401A to a IRA rollover, then convert to Roth IRA over several years

Hello,

I learned from Fidelity that my 401A employer plan held in Fidelity of $120,000 has to be a 100% rollover to a IRA rollover if I wanted to do partial Roth IRA conversions over several years (ease tax burden for me) or do a 100% conversion of my 401A employer plan to my Fidelity Roth IRA for the entire amount of $120,000 and pay the taxes on that entire amount. In my 403B employer plan held in Fidelity, I am able to do Roth IRA conversions of any amount which I am currently doing. Seems my 401A employer plan has restrictions.

Just want to be sure I can do partial conversions to my Roth IRA over several years once I do the IRA rollover. All of this would be within Fidelity. No issues with 5 year rule since my Roth IRA is over 15 years (sadly unable to contribute since retired), am over 59.5 years and recently retired. I think I got correct info, but wanted to be sure since this is all new to me.

Thank you.
Bella



There are no restrictions on the frequency or amount that you can convert from a traditional IRA to a Roth IRA.  Partial conversions are permitted.

Thank you for your response.  Is there a difference between a Rollover IRA and Traditional IRA?

As far as the tax code and the IRS are concerned there is no difference between a Rollover IRA and a regular traditional IRA.  “Rollover IRA” is a leftover from when there was a requirement in the tax code that a rollover from an IRA to an employer plan can come only from a so-called “conduit IRA,” but that requirement was eliminated in 2004.  It seems that there are still employer plans that haven’t learned this yet and will still only accept rollovers that originate from Rollover IRAs rather than any other type of traditional IRA.
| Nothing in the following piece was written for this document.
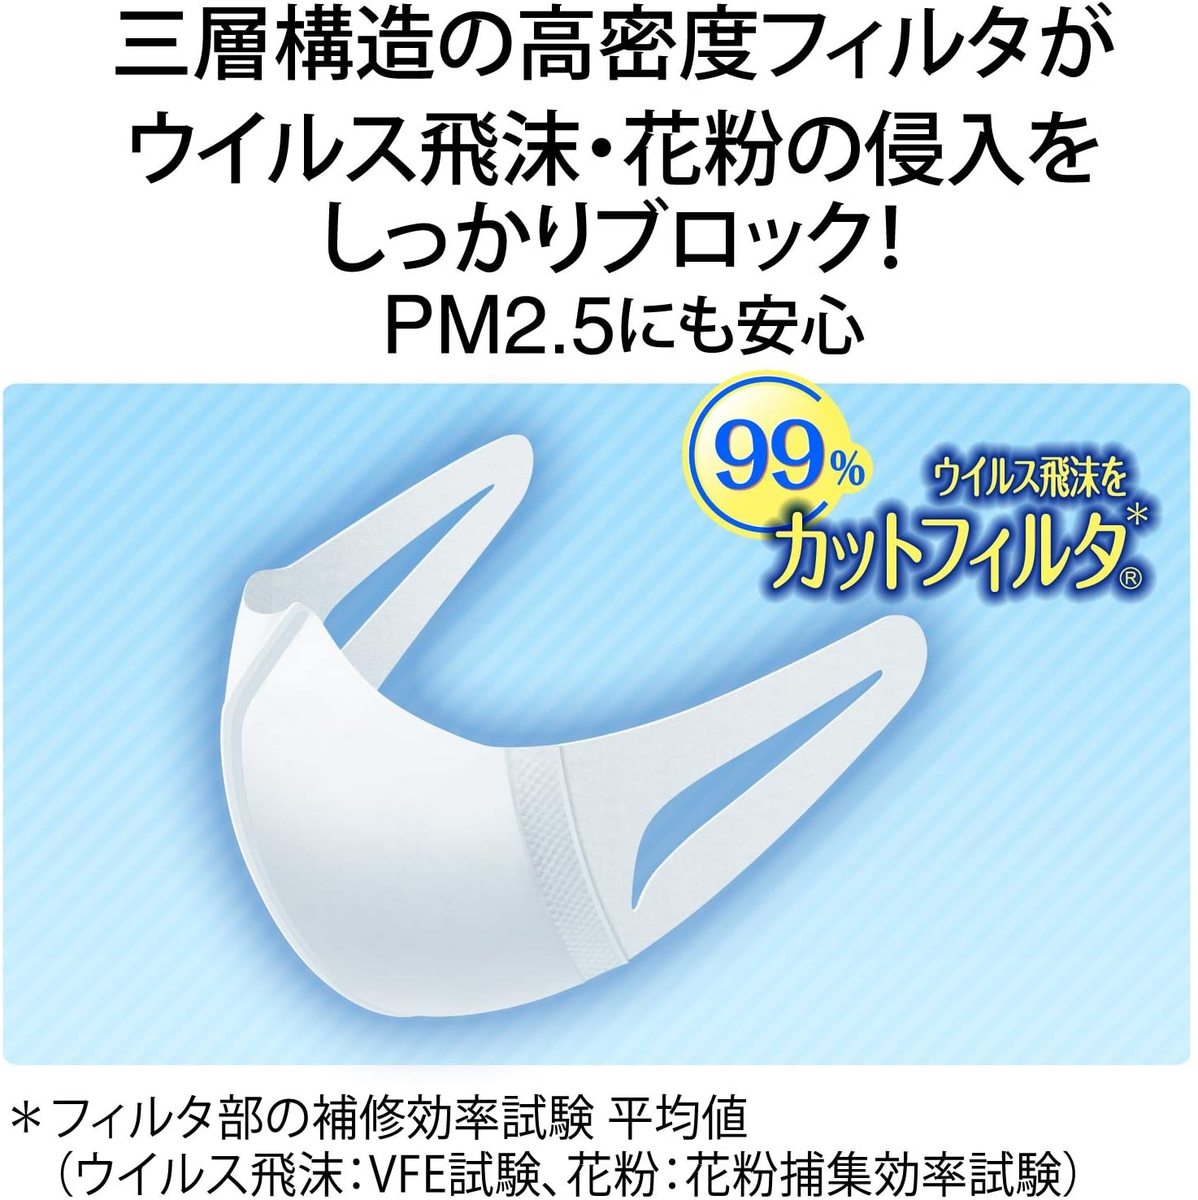 超立体マスク スタンダード 大きめサイズ 30枚入(unicharm)(日本製 PM2.5対応)

  • They are both traditional IRAs, but a rollover IRA has been exclusively funded from qualified plan rollovers, no regular IRA contributions. A rollover IRA may have better creditor protection in some states. 
  • Some employer plans only allow lump sum distributions (no partial distributions) after separation from service, and your 401a happens to be one of those, while your 403b is not. Since you plan to do incremental Roth conversions each year anyway, it will be probably be easier to do these from your IRA.